In Danish, the verb mon, used in the old language to indicate a weak necessity or a vague futurity, fulfils to a certain extent the same office as the English do; up to the eighteenth century mon was really an auxiliary verb, followed by the infinitive: ‘Mon han komme?’; but now the construction has changed, the indicative is used with mon: ‘Mon han kommer?’, and mon is no longer a verb, but an interrogatory adverb, which serves the purpose of placing the subject before the verb, besides making the question more indefinite and vague: ‘Kommer han?’ means ‘Does he come?’ or ‘Will he come?’ but ‘Mon han kommer?’ means ‘Does he come (Will he come), do you think?’
French, finally, has developed two distinct forms of compromise between the conflicting principles, for in ‘Est-ce que Pierre bat Jean?’ est-ce represents the interrogatory and Pierre bat the usual word order, and in ‘Pierre bat-il Jean?’ the real subject is placed before and the sham subject after the verb. Here also, as in Danish, the ultimate result is the creation of ‘empty words,’ or interrogatory adverbs: est-ce-que in every respect except in spelling is one word (note that it does not change with the tense of the main verb), and thus is a sentence prefix to introduce questions; and in popular speech we find another empty word, namely ti (see, among other scholars, G. Paris, Mélanges ling. 276). The origin of this ti is very curious. While the t of Latin amat, etc., coming after a vowel, disappeared at a very early period of the French language, and so produced il aime, etc., the same t was kept in Old French wherever a consonant protected it,[88] and so gave the forms est, sont, fait (from fact, for facit), font, chantent, etc. From est-il, fait-il, etc., the t was then by analogy reintroduced in aime-t-il, instead of the earlier aime il. Now, towards the end of the Middle Ages, French final consonants were as a rule dropped in speech, except when followed immediately by a word beginning with a vowel. Consequently, while t is mute in sentences like ‘Ton frère dit | Tes frères disent,’ it is sounded in the corresponding questions, ‘Ton frère dit-il? Tes frères disent-ils?’ As the final consonants of il and ils are also generally dropped, even by educated speakers, the difference between interrogatory and declarative sentences in the spoken language depends solely on the addition of ti to the verb: written phonetically, the pairs will be:
[te frɛ·r di·z—te frɛ·r di·z ti].
Now, popular instinct seizes upon this ti as a convenient sign of interrogative sentences, and, forgetting its origin, uses it even with a feminine subject, turning ‘Ta sœur di(t)’ into the question ‘Ta sœur di ti?’, and in the first person: ‘Je di ti?’ ‘Nous dison ti?’ ‘Je vous fais-ti tort?’ (Maupassant). In novels this is often written as if it were the adverb y: C’est-y pas vrai? | Je suis t’y bête! | C’est-y vous le monsieur de l’Académie qui va avoir cent ans? (Daudet).
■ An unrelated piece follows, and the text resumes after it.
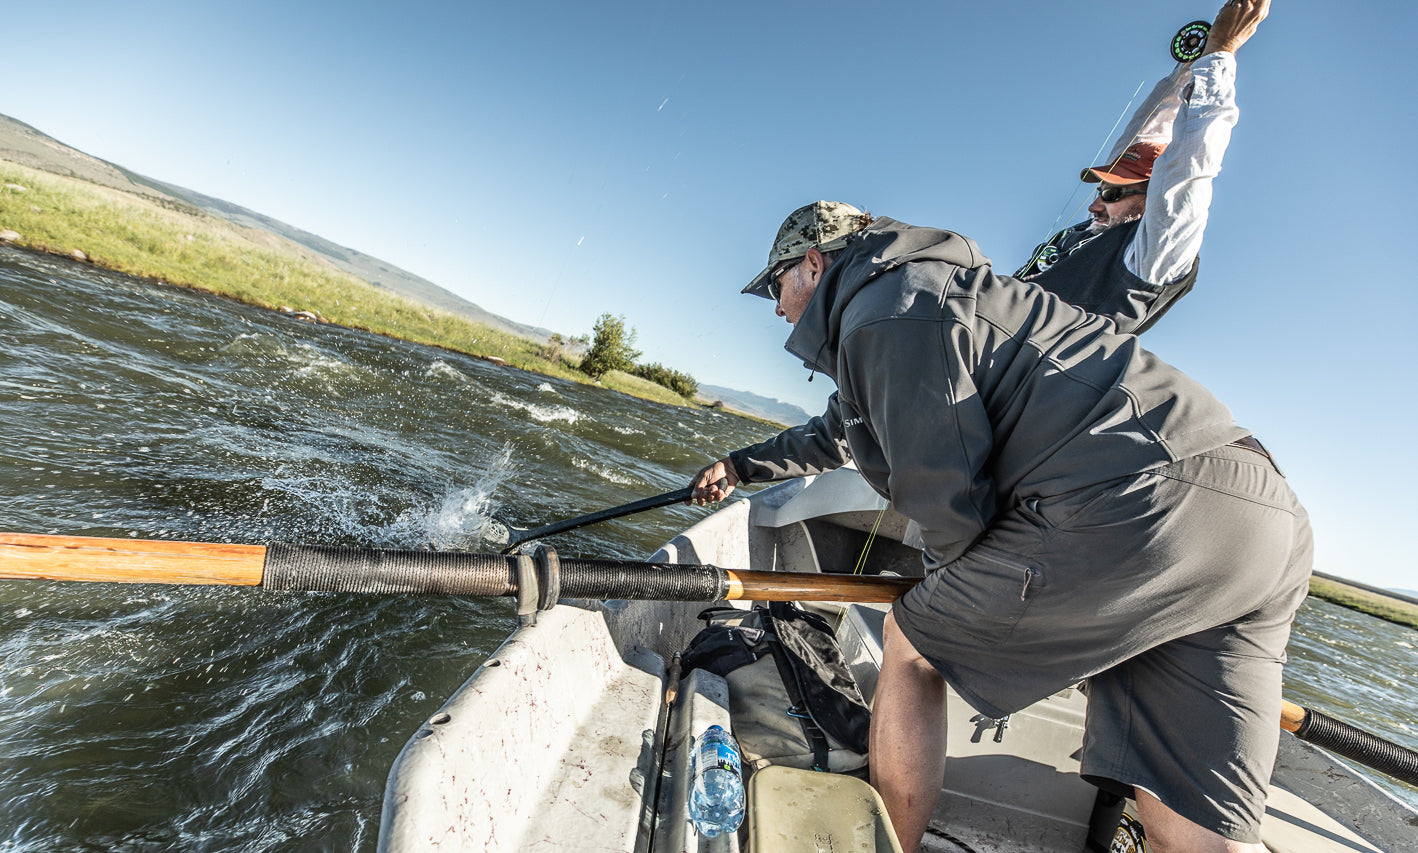 Fly Shop - Madison River Outfitters

I have dwelt on this point because, besides showing the interest of many problems of word order, it also throws some light on the sometimes unexpected ways by which languages must often travel to arrive at new expressions for grammatical categories.
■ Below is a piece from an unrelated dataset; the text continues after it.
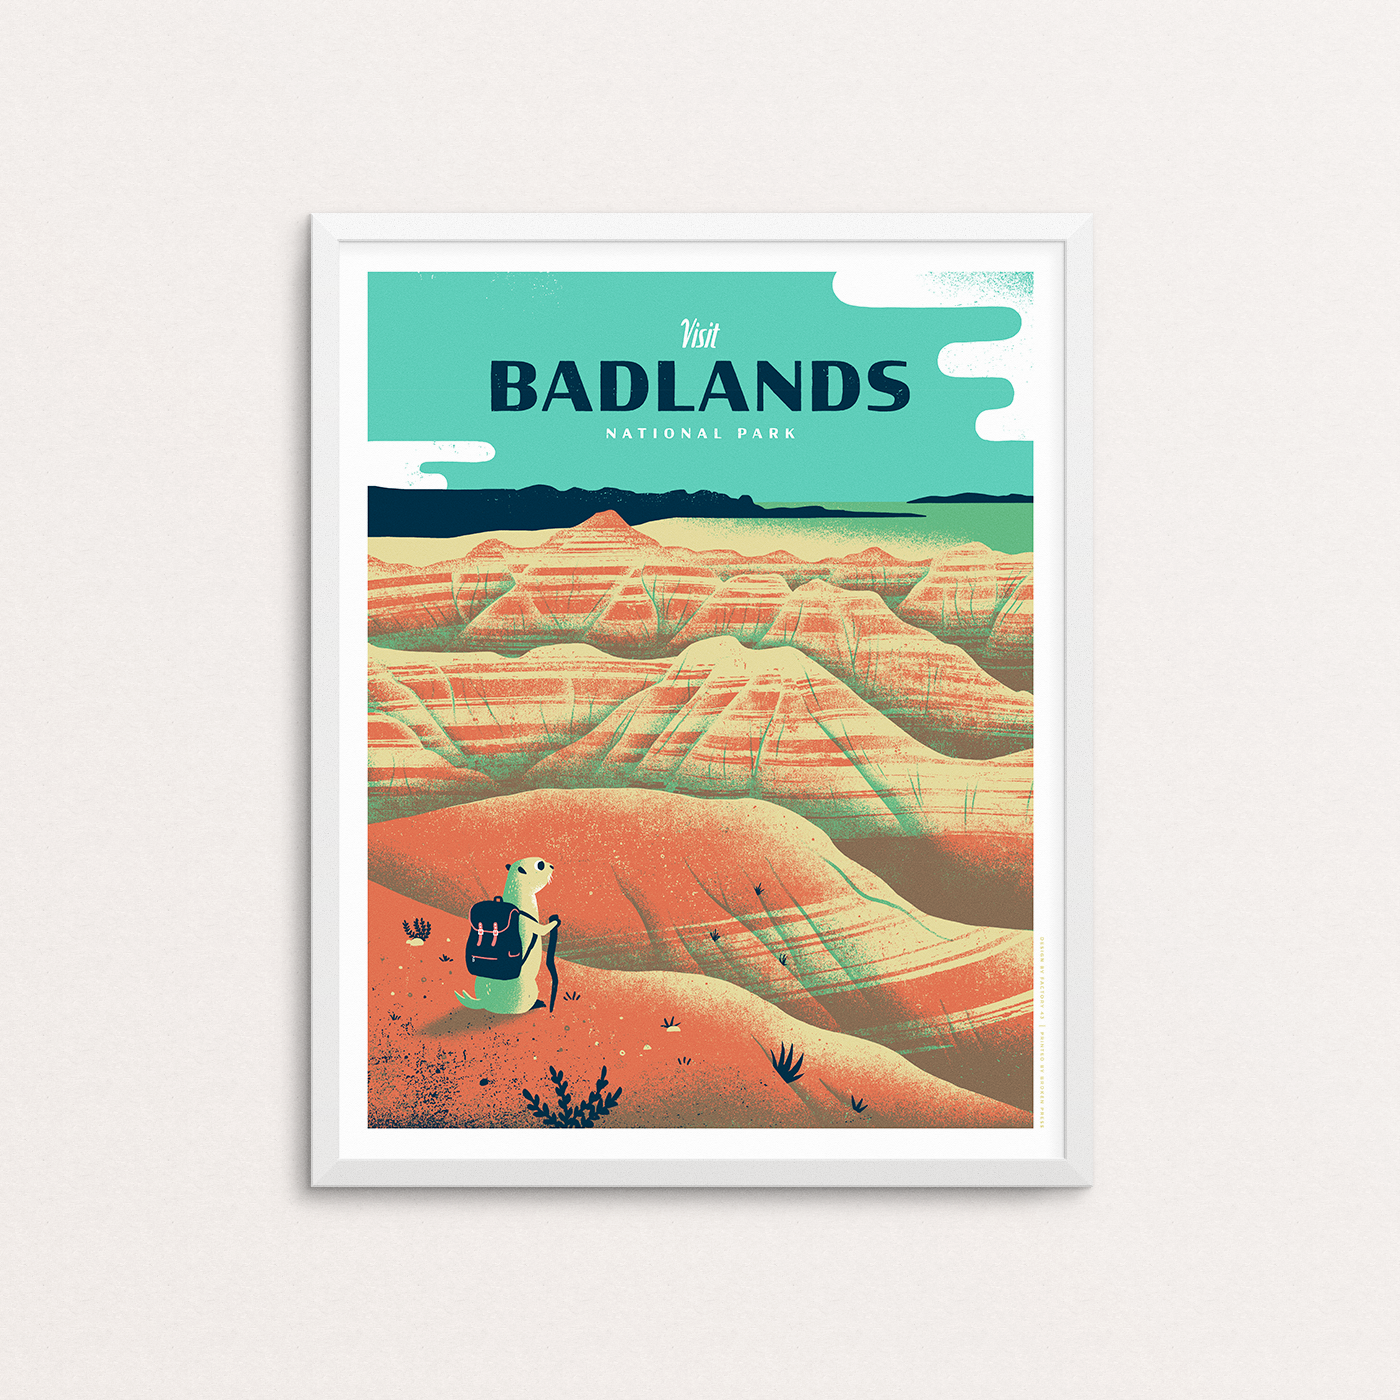 Badlands National Park screenprinted poster print. It features South Dakota, black foot ferret, Bear Butte and the Black Hills. The print is show in a white frame.

It was mentioned above that the inverted order, Verb-Subject, is used extensively, not only in questions, but also to express wishes and invitations. Here, too, we find in English compromises with the usual order, Subject-Verb. For, apart from such formulas as ‘Long live the King!’ a wish is generally expressed by means of may, which is placed first, while the real verb comes after the subject: ‘May she be happy!’, and instead of the old ‘Go we!’ we have now ‘Let us go!’ with us, the virtual subject, placed before the real verb. When a pronoun is wanted with an imperative, it used to be placed after the verb, as in Shakespeare: ‘Stand thou forth’ and ‘Fear not thou,’ or in the Bible: ‘Turn ye unto him,’ but now the usual order has prevailed: ‘You try!’ ‘You take that seat, and somebody fetch a few more chairs!’ But if the auxiliary do is used, we have the compromise order: ‘Don’t you stir!’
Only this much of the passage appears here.